Recent results have redrawn the line between “definitely safe,” “speculatively safe,” and “absolutely unsafe” parameter regimes. This means that the current “100-bit” setting may be revised again as new attacks emerge.
It is unclear whether all major zkEVM teams will actually reach 100 bits of provable security by May 2026 and 128 bits of provable security by December 2026 without exceeding the proof size limit, or whether some teams will simply accept lower margins, rely on stricter assumptions, or prolong verification off-chain.
The most difficult part may not be the math or the GPU, but formalizing and auditing a fully recursive architecture.
EF acknowledges that different zkEVMs often constitute many circuits with substantial “glue cords” in between, and it is essential to document and prove the integrity of these custom stacks.

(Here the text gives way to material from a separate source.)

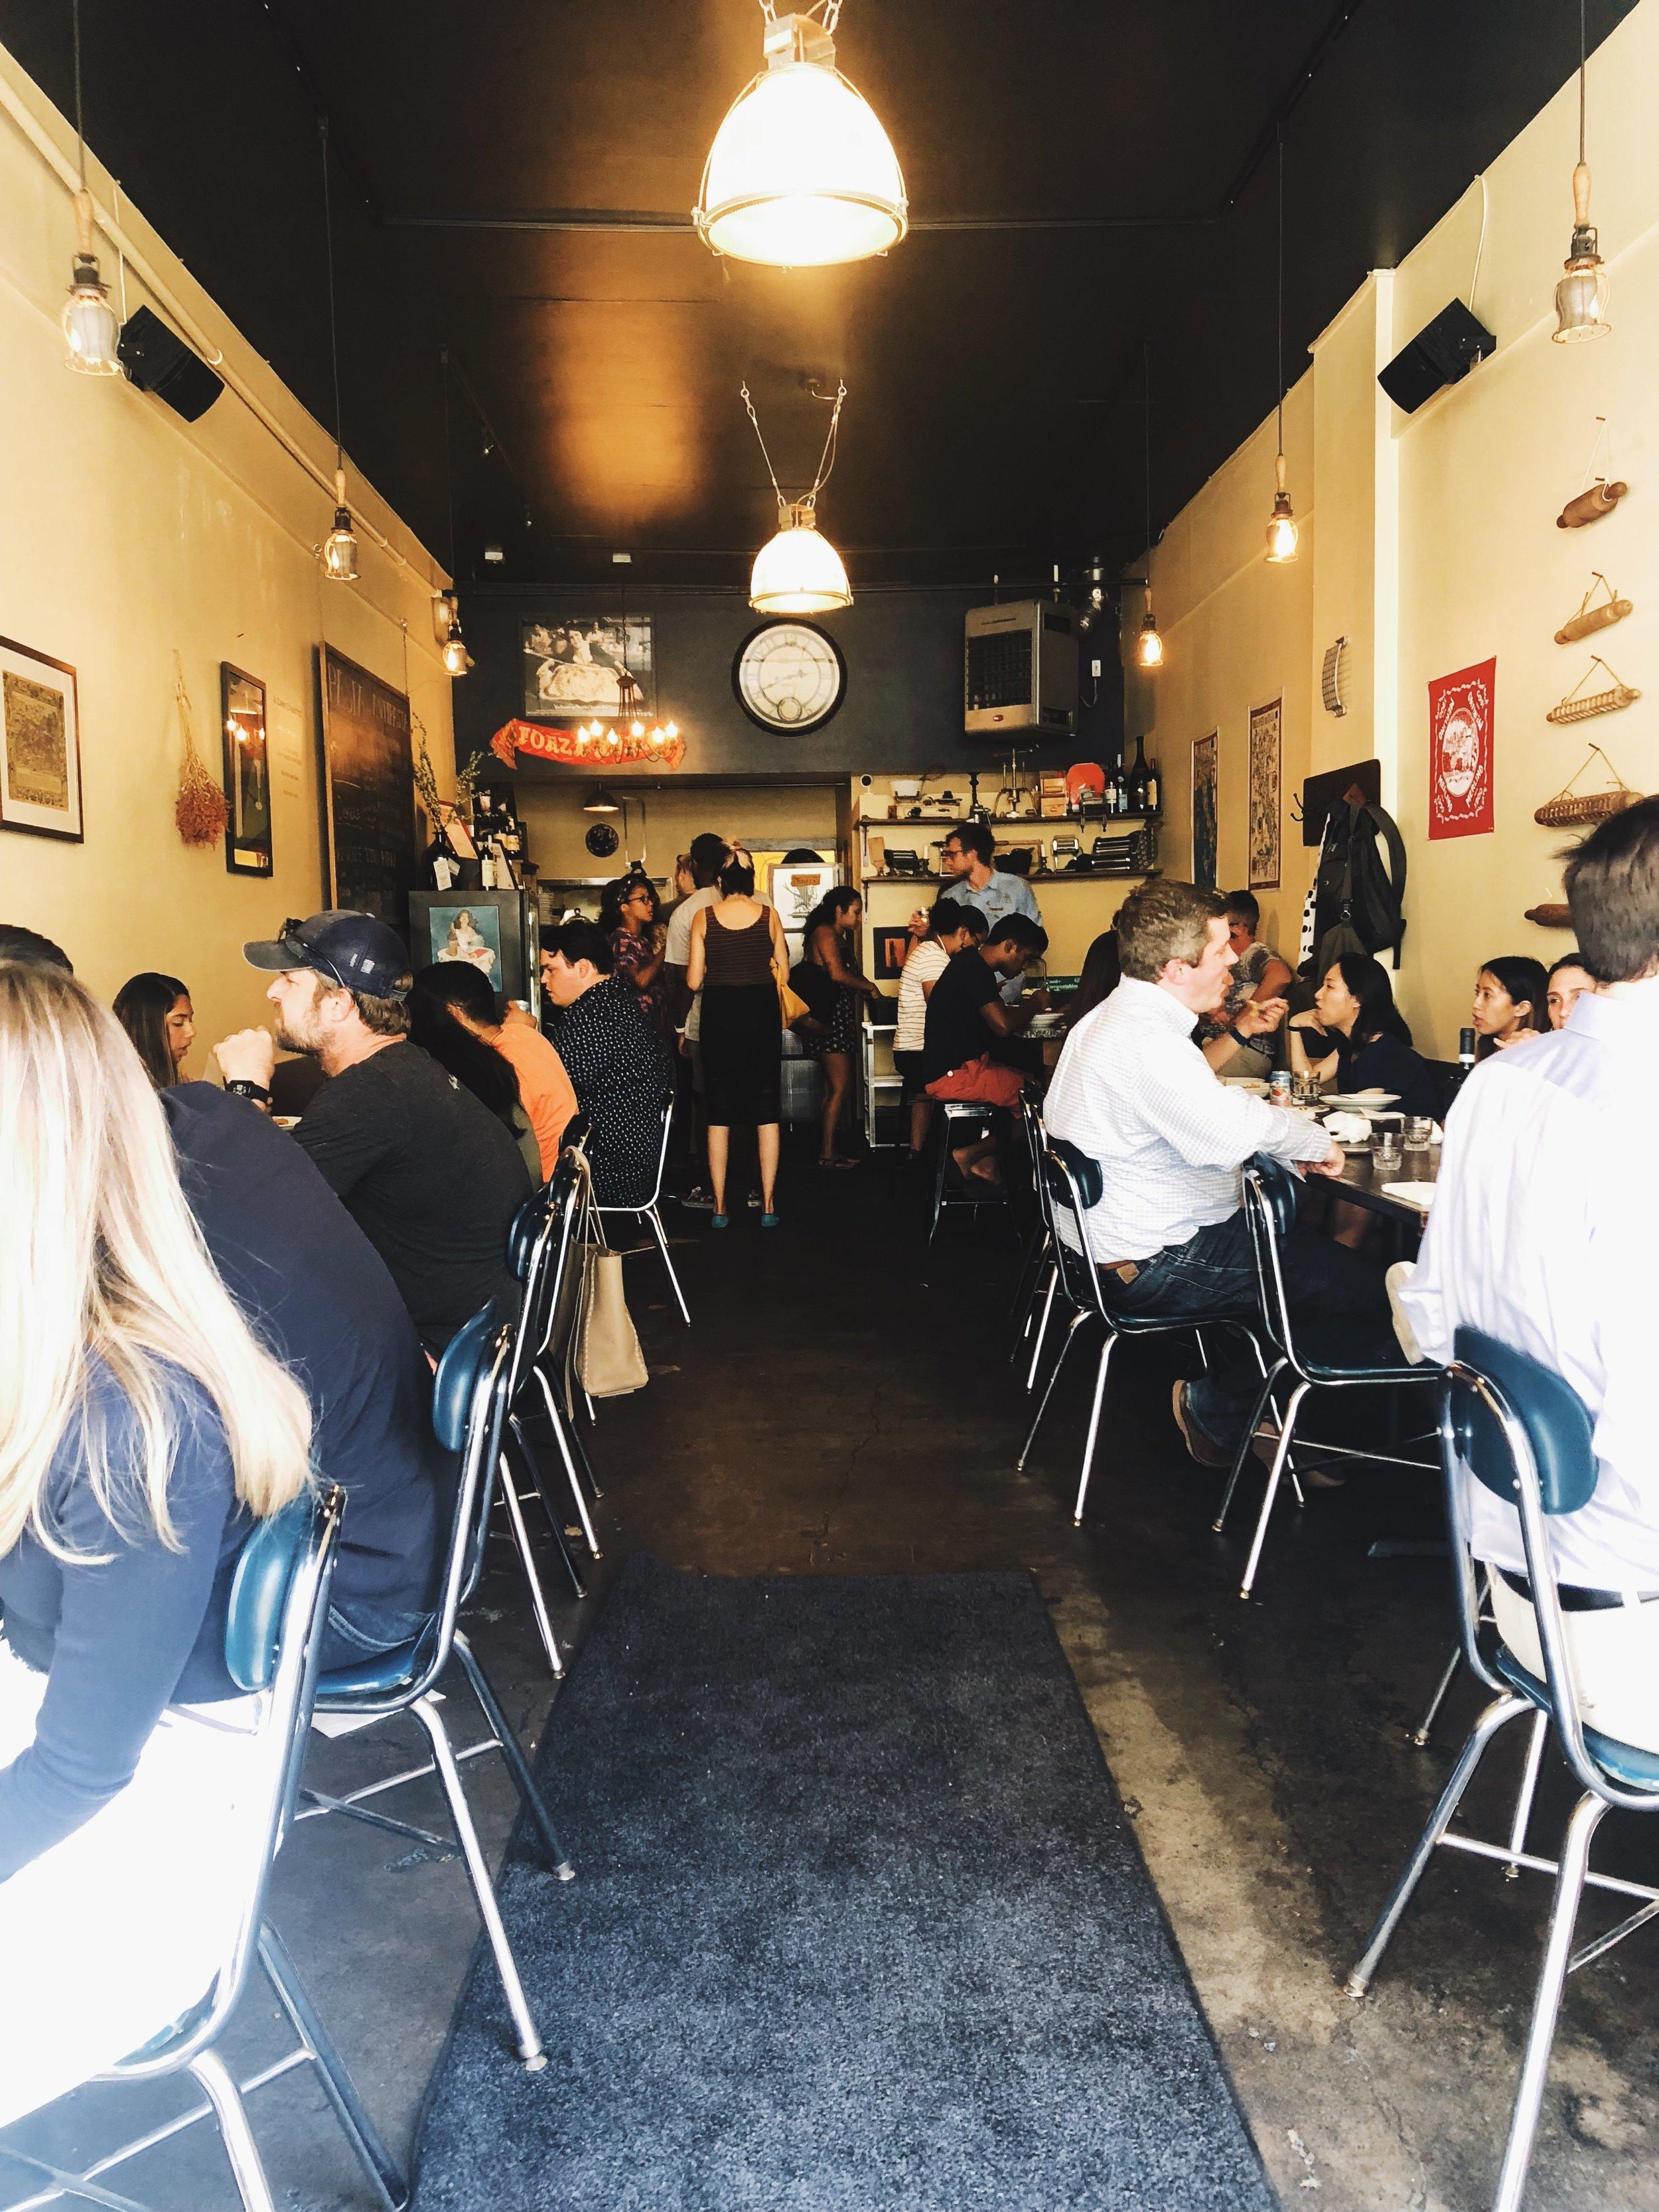 Il Corvo - Italian lunch spot

This will require lengthy work on projects such as Verified-zkEVM and formal verification frameworks, which are still in their early stages and uneven across the ecosystem.
A year ago, the question was whether zkEVM could prove fast enough. That question can be answered.
The new question is whether they can be proven soundly enough, with a proof small enough to propagate across Ethereum’s P2P network, and with a recursive architecture formally verified enough to lock in hundreds of billions of dollars, with a level of security that doesn’t rely on speculation that might break tomorrow.
The performance sprint is over. The security competition has just begun.